His father was in debt, and so the Dickens family resided with him in Marshalsea Prison. Charles found work at household tasks and took a room for himself on one of the poor streets of London at the age of twelve. He worked for a while labeling blacking-bottles until his father inherited a legacy that brought the family out of debt again. Dickens was sent to school for a few more years before he became a clerk. He moved up from there to become a stenographer at several newspapers.

In 1833 his first published piece appeared in the Monthly Magazine signed with his brother's nickname. He later published a few pieces in the Evening Chronicle before the Pickwick Papers made him famous. For the next thirty years Dickens churned out novels until he died. His other works include: Life and Adventures of Nicholas Nickleby (1839), The Personal History of David Copperfield (1850), Little Dorrit (1857), A Tale of Two Cities (1859), and Great Expectations (1861).

Dickens had a large family with his wife, Catherine Hogarth, and he became a wealthy man through his writing. Dickens wrote actively while acting in private theatricals as well as touring and performing readings of his works.

In 1865, Dickens had a slight stroke that left his legs useless, but even this break in his health did not deter him from his active lifestyle of travel and work. He was working on The Mystery of Edwin Drood the day before he died. He was stricken with apoplexy and died the next day. Dickens was buried in Westminster Abbey.
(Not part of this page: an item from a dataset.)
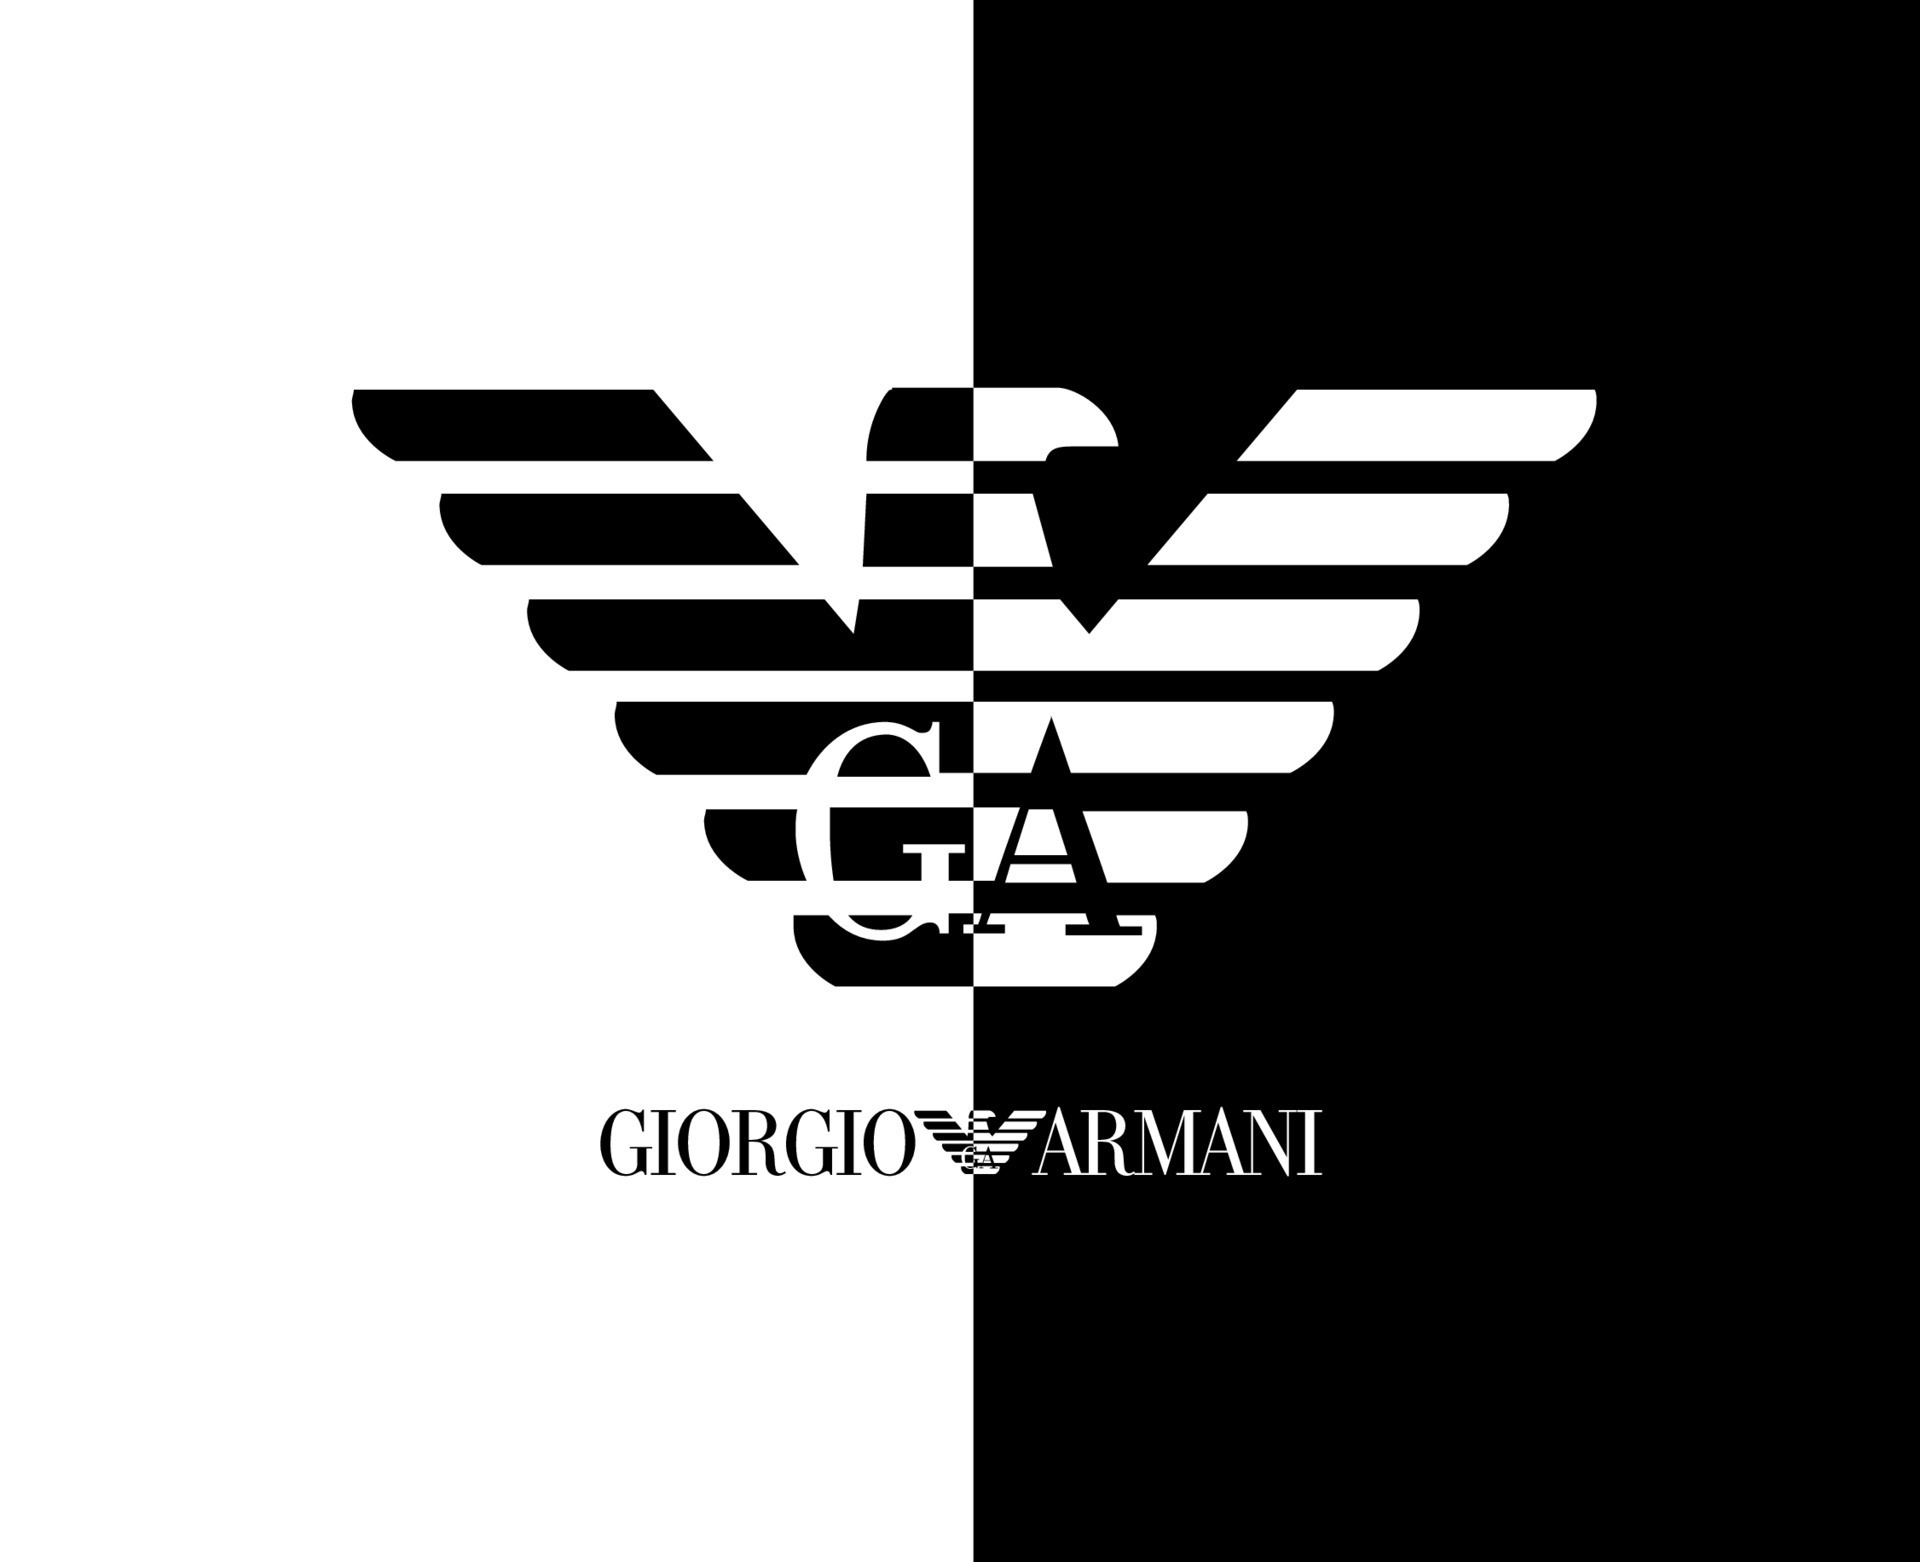 Giorgio Armani Brand Clothes Symbol Logo With Name Black And White Design  Fashion Vector Illustration 23585913 Vector Art at Vecteezy
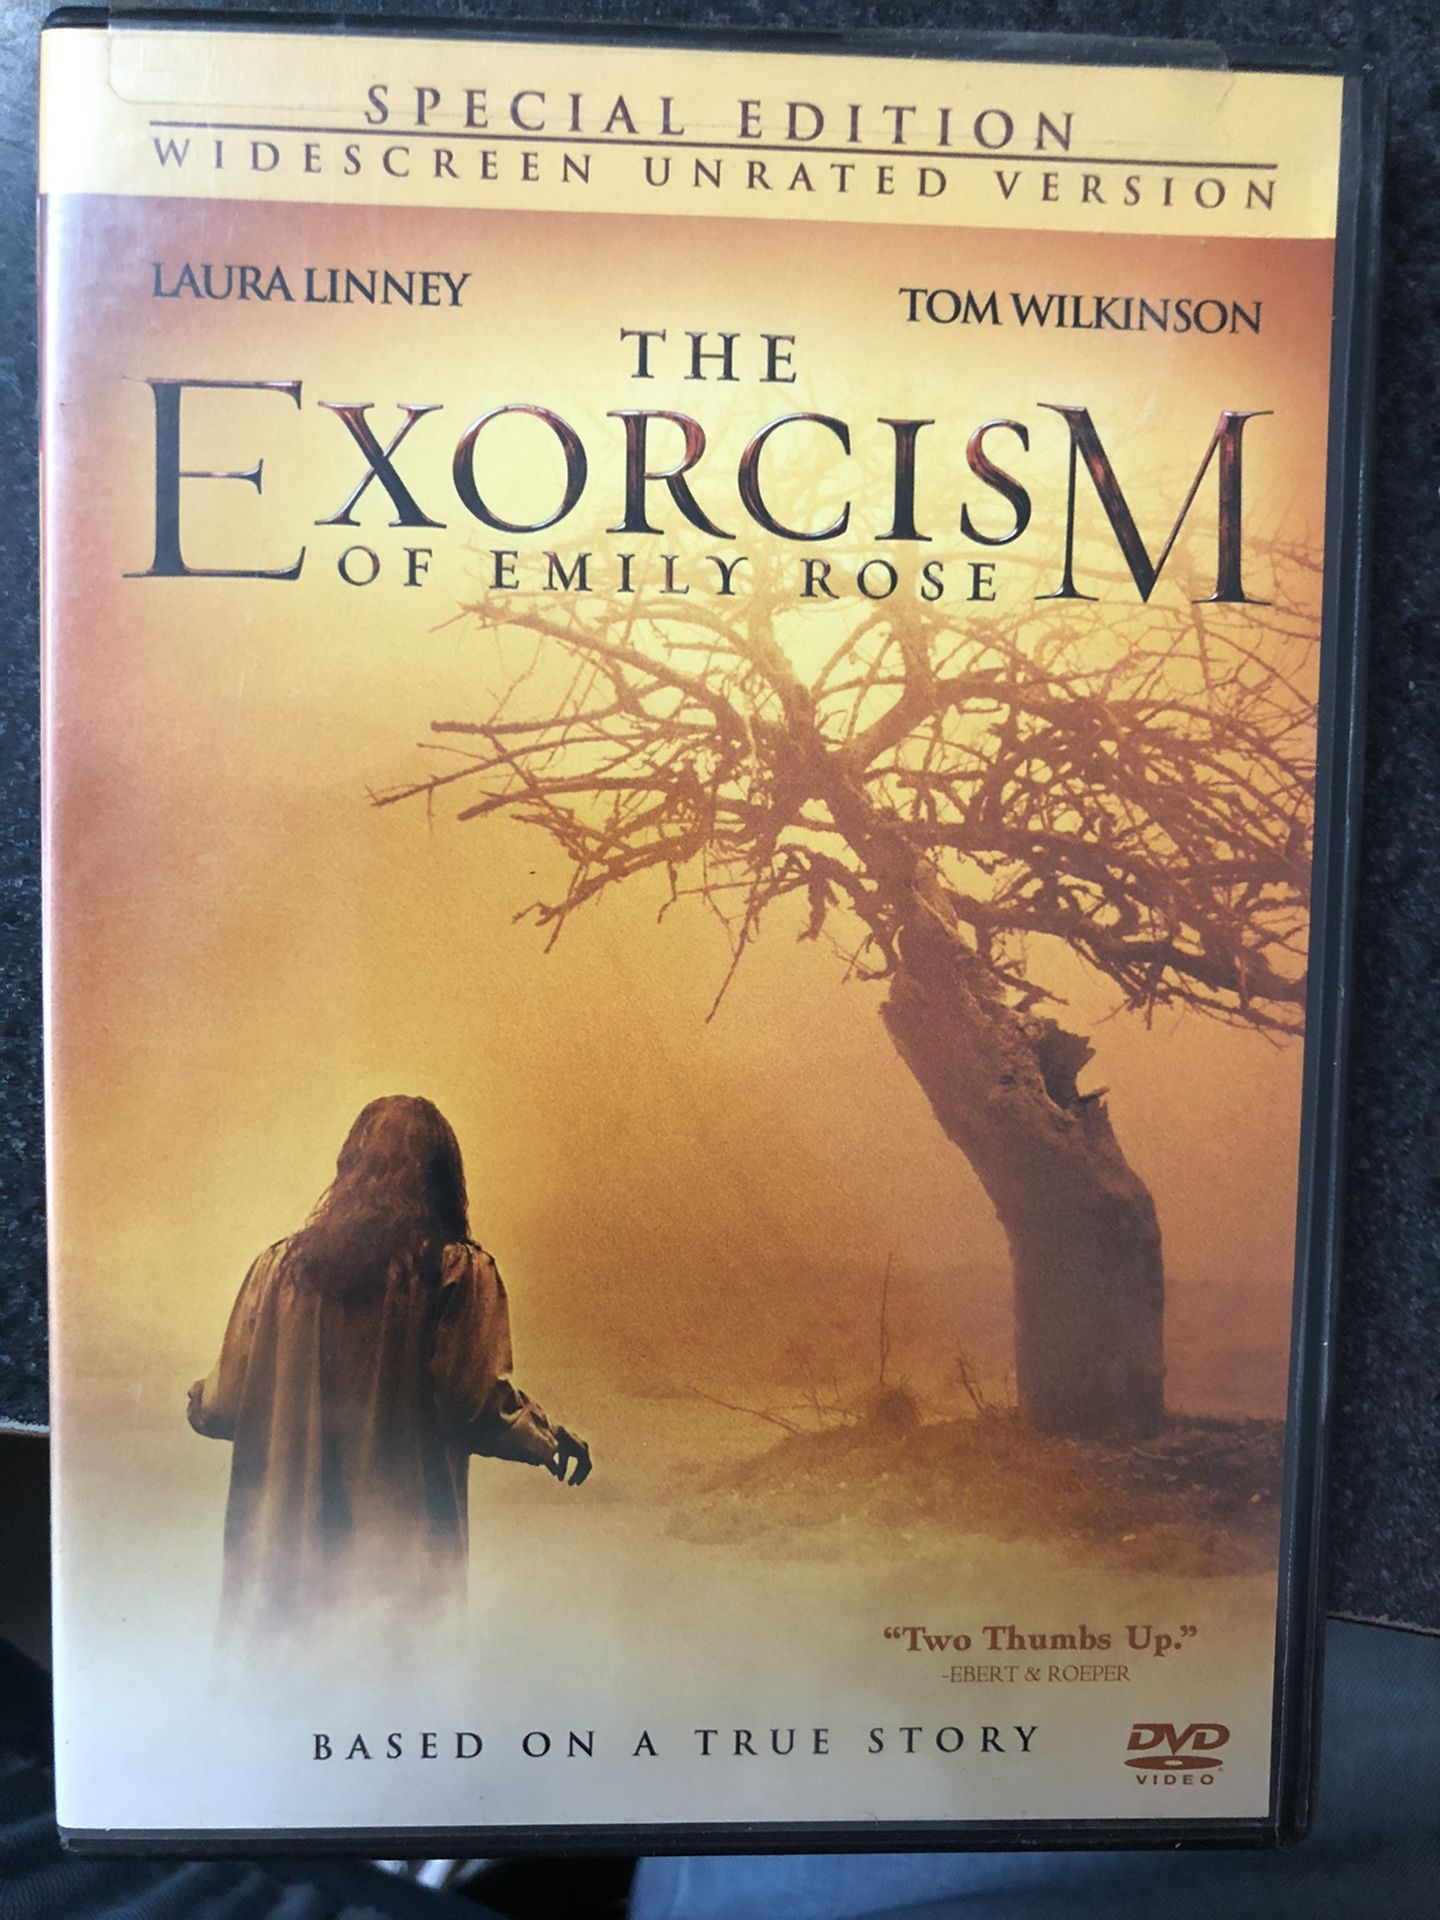 The Exorcism of Emily Rose DVD

Although Dickens has been criticized for creating characters which seem more like caricatures than real people, Ebenezer Scrooge and other Dickens figures have become well known in literature. A Christmas Carol expresses the far-reaching impact of Dickens' work in its ability to transcend the boundaries of the time in which it was written and remain a popular piece of drama and literature more than a century after it was first published in 1836.

"Dickens . . . [was] the greatest dramatic writer that the English had had since Shakespeare, and . . . we may find in Dickens' work today a complexity and . . . an intellectual and artistic interest which makes Dickens loom very large in the whole perspective of the literature of the West."

Bibliography

Dickens, Charles. "A Christmas Carol." Best Ghost Stories. Hertfordshire, England: Wordsworth Editions Limited, 1997.

"Dickens, Charles." Biographical Dictionary. New York: Chambers Harrap Publishers Ltd., 1997.

"Dickens, Charles." British Writers. ed. Ian Scott-Kilvert. vol. 5. New York: Charles Scribner's Sons, 1982.

Wilson, Edmund. "Dickens, Charles." World Literature Criticism: 1500 to present. ed. James P. Draper. vol. 2. Detroit: Gale Research Inc., 1992.